Искра нашла горючее, но не вспыхнула пламенем, а растопила лёд. Его ответом было не стремительное движение, а медленное, почти благоговейное прикосновение. Он взял её лицо в ладони, как самую хрупкую реторту с бесценным эликсиром, и прикоснулся губами к её губам с такой сдержанной нежностью, от которой у Лили перехватило дыхание. В этом доме, запертые от всего мира, они позволяли себе эту роскошь — быть не шпионом и его легендой, а просто мужем и женой.

Их близость в эти ночи была иной — тихой, осторожной, полной трепетного внимания. Каждое его прикосновение было вопросом: «Тебе не больно?». Каждое её движение — ответом: «Я здесь, с тобой». Он держался за неё, как утопающий за якорь, но якорь этот был из хрусталя, и он боялся повредить его грубой силой. Это был молчаливый ритуал подтверждения: мы здесь, мы живы, это — наше. Единственный язык, на котором он мог сказать ей всё — и страх, и ярость, и ту ошеломляющую нежность, что пугала его больше любого заклятия.

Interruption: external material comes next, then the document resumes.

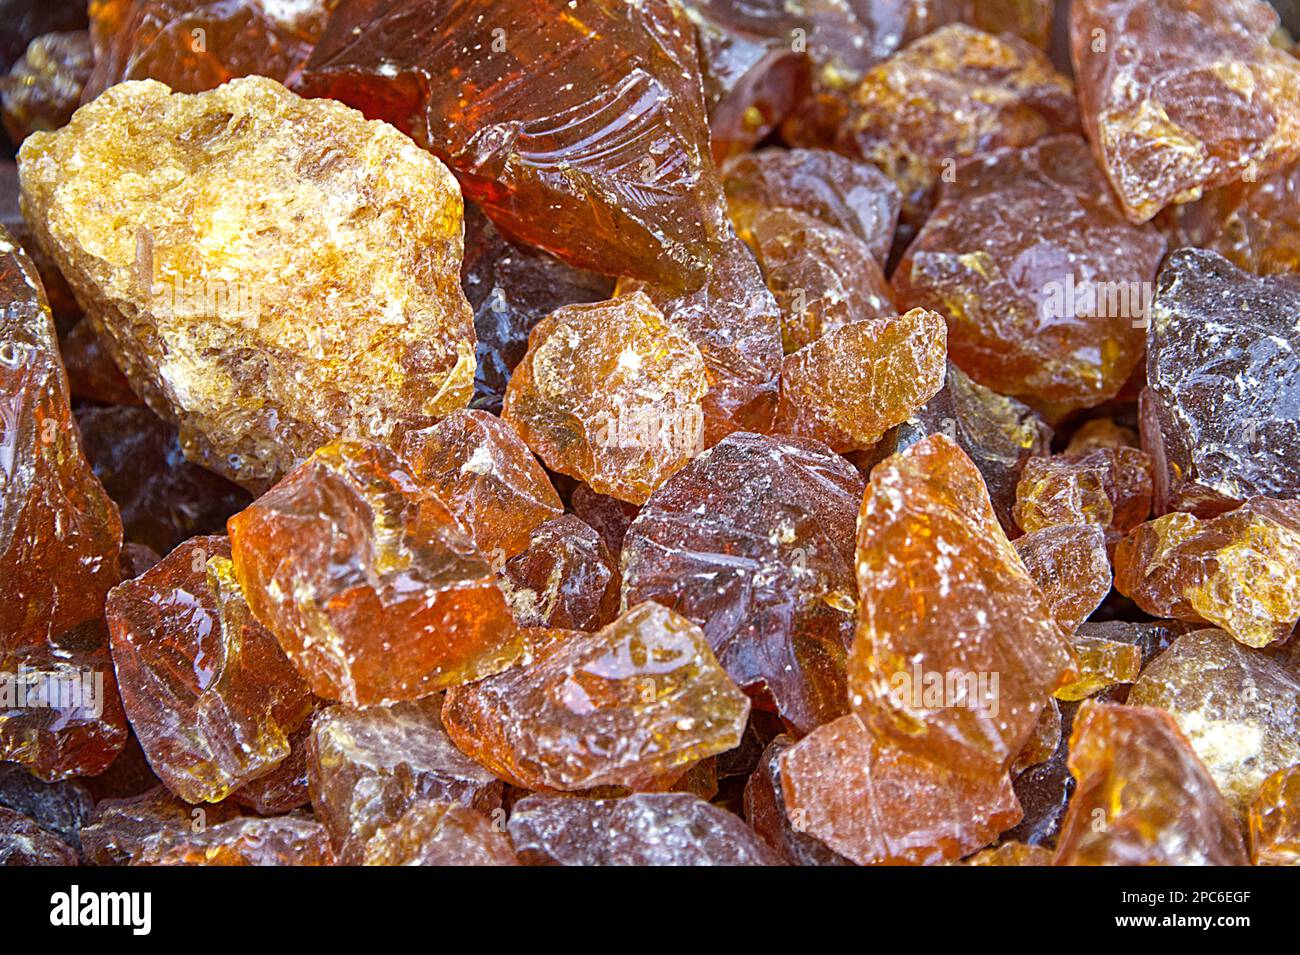 Many pieces of the natural product amber in orange color Stock Photo

Позже, лежа в темноте, его рука лежала на её животе, чувствуя шевеление новой жизни, он произнёс уже в потолок:

—У Эвансов традиция — называть девочек в честь цветов. Флора, Фиалка... Петуния. Давай не будем.

—Да, — вздохнула Лили, её голос был сонным и умиротворённым. — Решим, когда увидим.

 

Роды начались рано утром 15 августа. Северус не паниковал. Его паника превратилась в сконцентрированное, безжалостное спокойствие хирурга. Он был ассистентом у целительницы, его движения были точными и выверенными. Но когда раздался первый крик, и акушерка положила крошечное, сморщенное существо на грудь Лили, его броня треснула.

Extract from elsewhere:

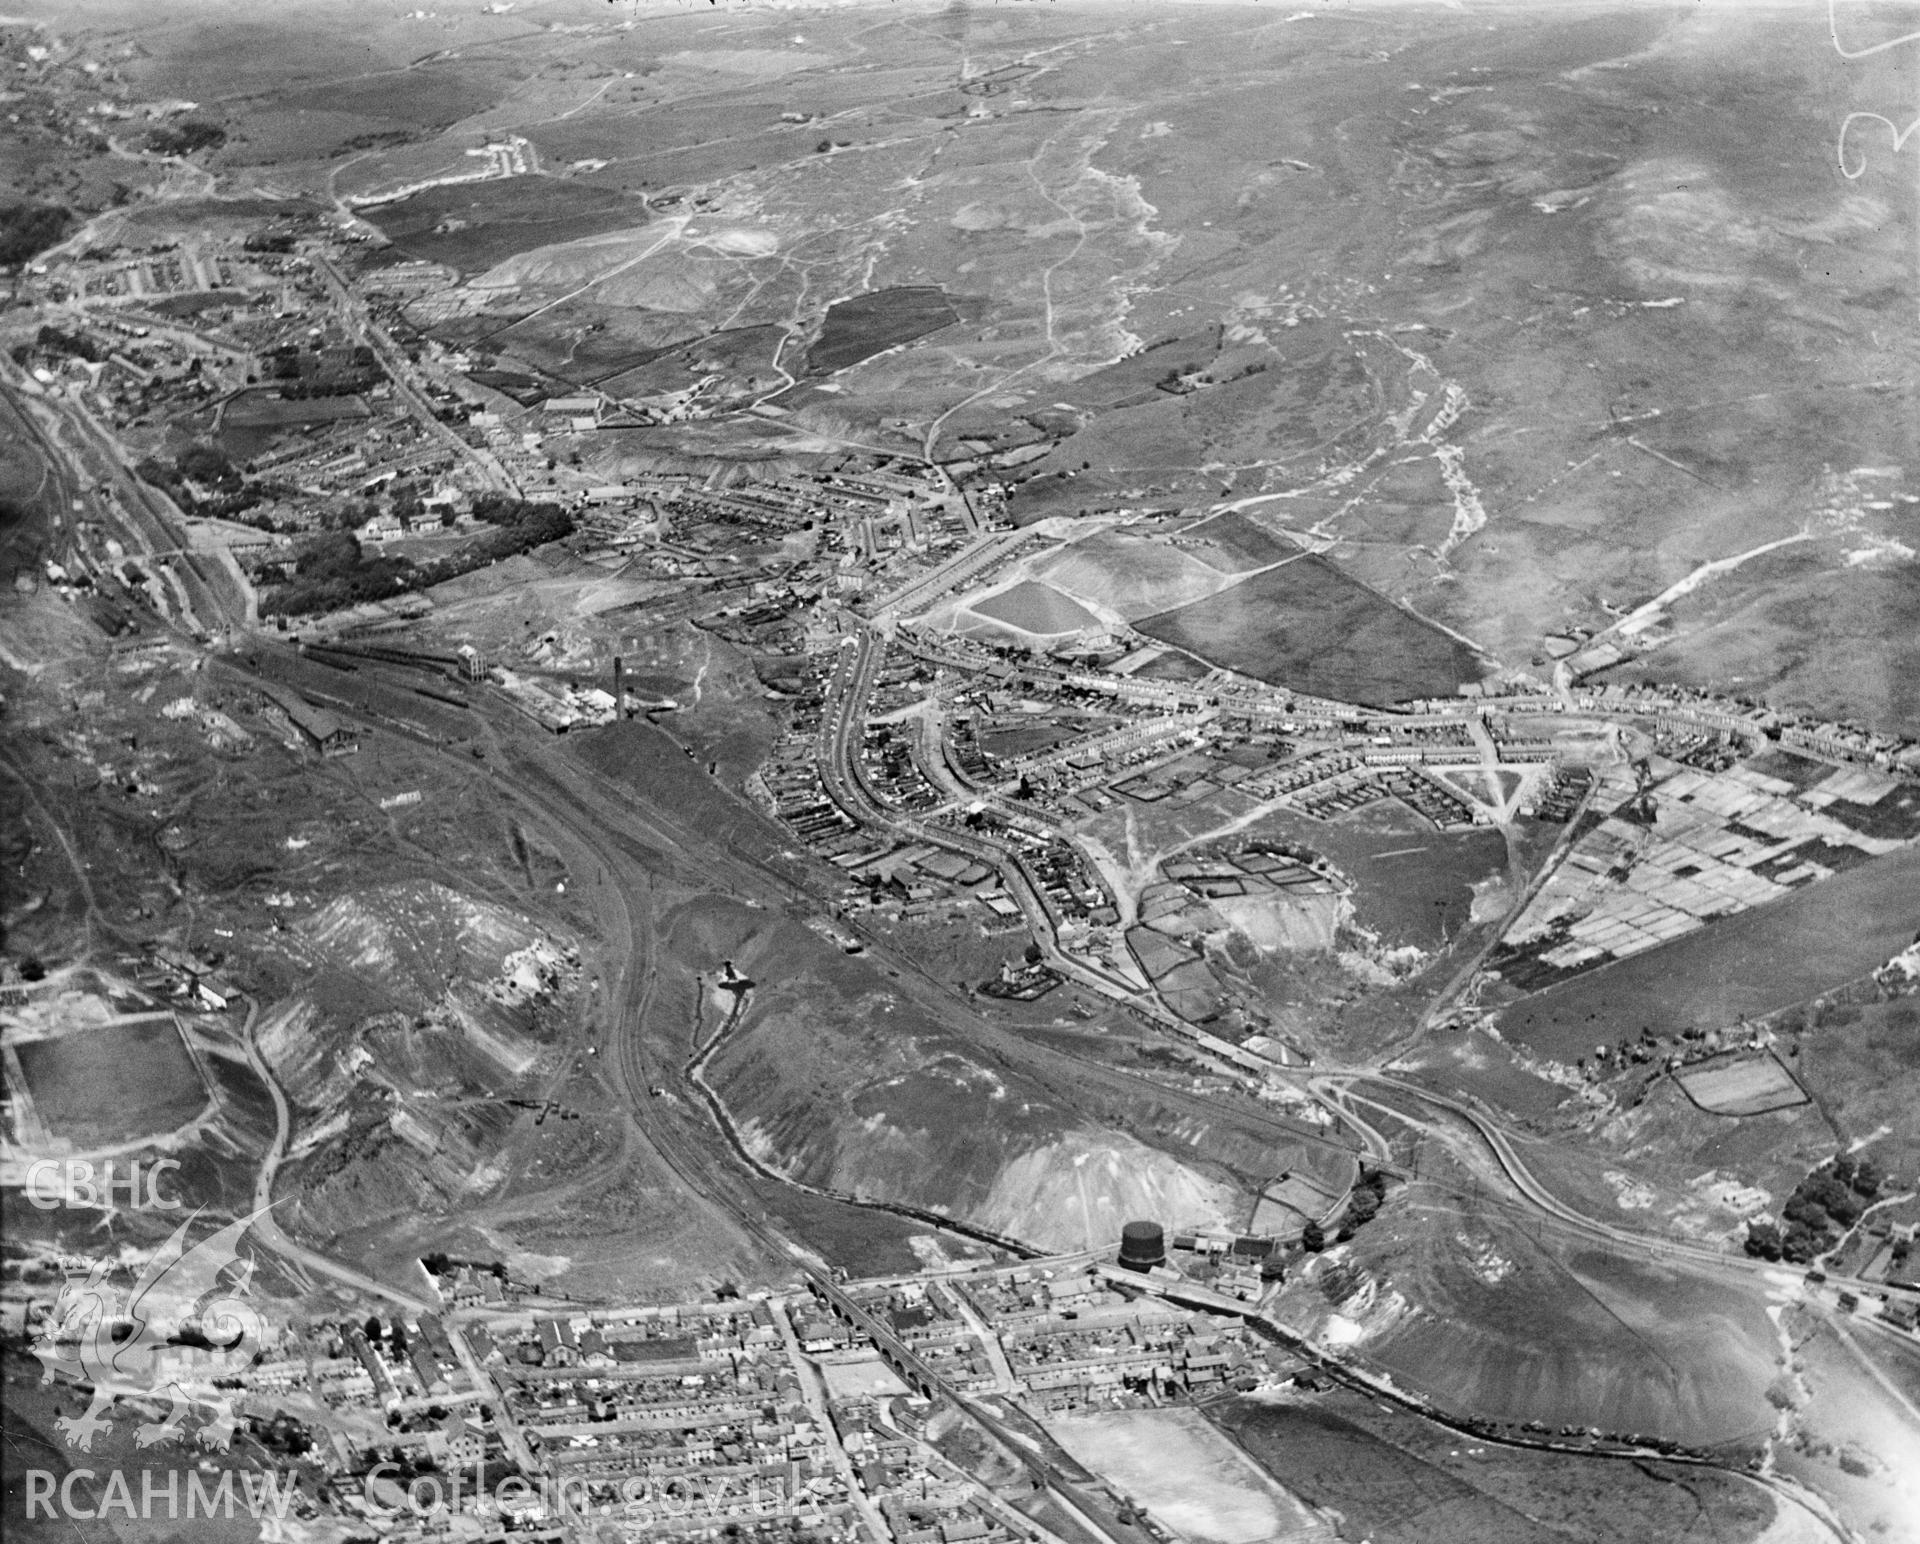 General view of Rhymney, oblique aerial view. 5?x4? black and white glass plate negative.

Он смотрел на дочь. На её головку с редкими, но уже явно чёрными волосиками. И на её глаза, которые, ещё не видя, уже были большими и ясно-зелёными. Глаза Лили. В его собственных чёрных глазах что-то надломилось.

Медленно, почти благоговейно, он опустился на край кровати и обнял их обеих — Лили, обессиленную и сияющую, и хрупкий комочек жизни, прижатый к её груди. Его крупная рука осторожно легла на спинку дочери, а лицо прижалось к виску Лили, вбирая её тепло и тихий запах, смешанный с ароматом новорождённого.

— Лили... — его голос был горячим шепотом, полным крушения всех стен. — Прости... За всё. И... спасибо.

Он отстранился, и она увидела в его взгляде не знакомую ярость или боль, а новую, всепоглощающую любовь, смешанную с горьким облегчением.

— Я буду её защищать, — прошептал он, и его палец осторожно коснулся крошечной ладони. — Клянусь. Любой ценой.

Он посмотрел на Лили. На ребёнка. И вдруг, впервые не стал прятать то, что чувствовал.

— Роуз, — сказал он. — Наша роза.

Лили, вся во власти усталости и счастья, кивнула.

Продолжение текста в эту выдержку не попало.